USENIX '05 Paper   
[USENIX '05 Technical Program]
Proper: Privileged Operations in a
Virtualised System Environment
Steve Muir, Larry Peterson, Marc Fiuczynski, Justin Cappos, John Hartman
Princeton University and the University of Arizona
{smuir,llp,mef}@cs.princeton.edu, {justin,jhh}@cs.arizona.edu
Virtualised systems have experienced a resurgence in popularity in
recent years, particularly in supporting a large number of independent
services on a single host. This paper describes our work designing
and implementing Proper, a service running on the PlanetLab system,
that allows other services to perform privileged operations in a safe,
controlled manner. We describe how implementing such a system in a
traditional UNIX environment is non-trivial, and discuss the practical
use of Proper.
1 Introduction
Operating systems face a fundamental tension between providing
isolation and sharing among applications--they support the illusion
that each application has the physical machine to itself, yet also
allow those applications to share objects (files, pipes, etc.) with
each other. General-purpose OSes typically provide a weak form of
isolation (the process abstraction) with relatively unrestricted
sharing between applications. In contrast, virtual machine monitors
(VMMs) strive to provide strong performance isolation and privacy
between virtual machines (VMs), and provide no more support for
sharing between VMs than the network provides between physical
machines.
The point on the design spectrum supported by any given system depends
on the workload it is designed to support. General-purpose OSes run
multiple applications on behalf of a single user, making it natural to
favor sharing over isolation. Similarly, VMMs are often designed to
allow a single machine to host multiple independent applications,
possibly on behalf of independent organizations. In such a scenario,
the applications have no need to share information and but require a
predictable fraction of the physical machine's resources--hence, VMMs
heavily favor isolation over sharing.
This paper investigates an alternative design point, motivated by the
need for VMs to interact with each other in well-defined and
controlled ways. All systems provide a means by which isolated
components interact, but we are particularly interested in the problem
of `unbundling' the management of a set of VMs from the underlying
VMM. To enable multiple management services, it is necessary to
`poke holes' in the isolation barriers between VMs. These holes allow
one VM to see and manipulate objects such as files and processes in
another VM, providing a natural means for one VM to help manage
another.
Toward this end, this paper describes Proper, a new
`Privileged Operations' mechanism that VMs can use
to poke the holes that they need. Proper is straightforward to
implement on a UNIX-based VMM such as that used in PlanetLab, and
enables useful management services that run today on PlanetLab.

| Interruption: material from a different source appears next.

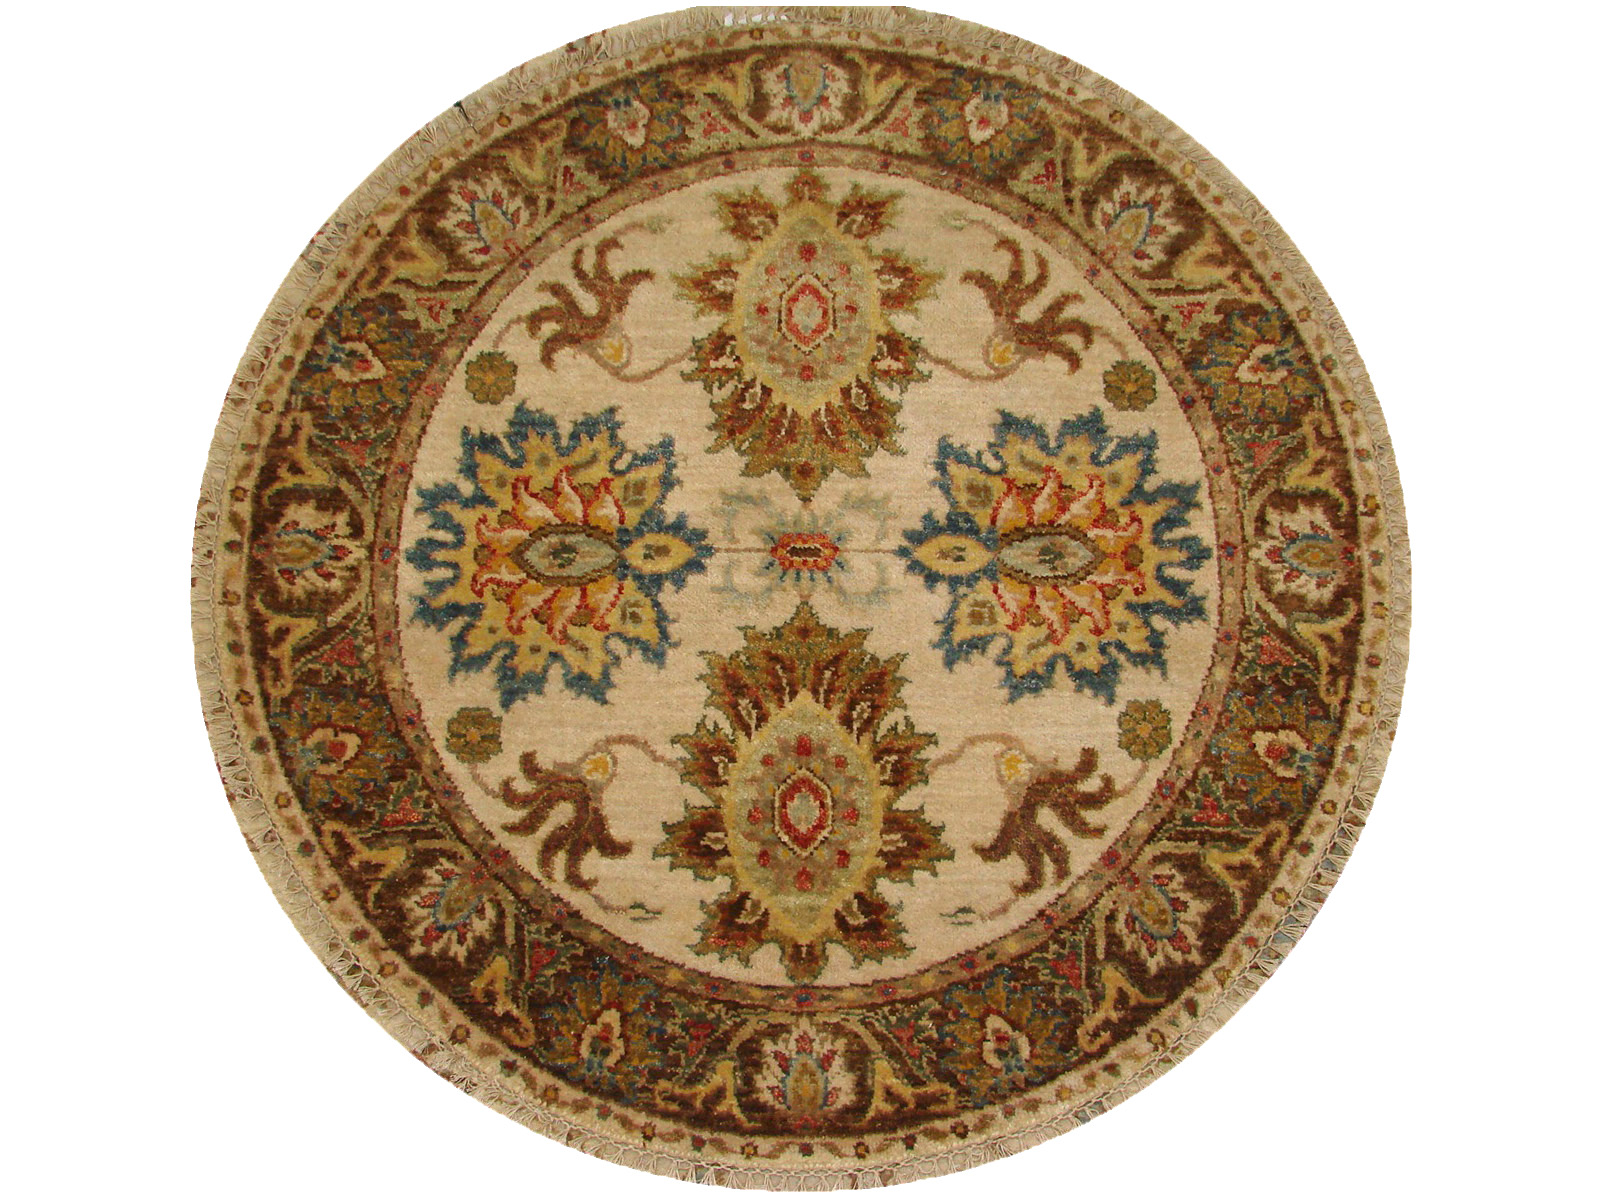 3 Round & Square Traditional Hand Knotted Wool Area Rug - MR21208

Our work is conducted in the context of PlanetLab, a global network of
500+ PCs used by researchers at over 250 institutions to develop new
network services and conduct network-based experiments. Each
PlanetLab node runs a modified Linux kernel, which provides a
virtualised Linux environment for each user, with 30-40 users active
on each node at any given time. Although Proper was originally
developed as a component of the PlanetLab node infrastructure we
believe that it is also applicable to other virtualised systems
e.g., VMWare, Xen, Denali.
PlanetLab provides each user with one or more slices--a set of
resources bound to a virtual Linux environment and associated with
some number of PlanetLab nodes. Each node runs a Linux kernel
modified with two packages: Vservers [3] supports multiple
Linux VMs running on a single kernel instance, while CKRM provides a
resource management framework. Each PlanetLab slice is instantiated
as a combination of a Vserver, providing namespace isolation,
and a CKRM class, providing performance isolation.
Namespace isolation is the property of a virtualised system where each
VM executes in its own namespace, and is required so that each VM can
configure its own namespace without interference with or by other
VMs e.g., a VM should be able to install packages in its own
filesystem without concern as to whether another VM requires a
different version. Performance isolation between two VMs allows each
VM to consume and manage resources e.g., CPU, physical memory, network
bandwidth, without affecting other VMs.
Although namespace isolation is essential in order to support multiple
VMs on a single physical system, it presents a barrier to cooperation
between those VMs. Furthermore, it also prevents VMs from getting
full visibility into the details of the host system, thus limiting
monitoring and system management. Hence the need to provide a means
for selected VMs to break their namespace isolation in carefully
controlled ways.
Proper provides unprivileged slices with access to privileged
operations in a controlled manner. Here we present the client-visible
architecture of Proper, which we believe to be equally applicable to
any virtualised system, such as Xen [1],
Denali [8], etc., not just the PlanetLab
environment.
Proper enables two different types of `VM escapes': inter-VM
communication, and access to resources outside the VM e.g., VMM
internals, such as VM configuration. While access to VMM internals
requires cooperation by the VMM, certain types of inter-VM
communication may be possible without a service like Proper. For
example, most VMMs permit filesystems between VMs using NFS or SMB.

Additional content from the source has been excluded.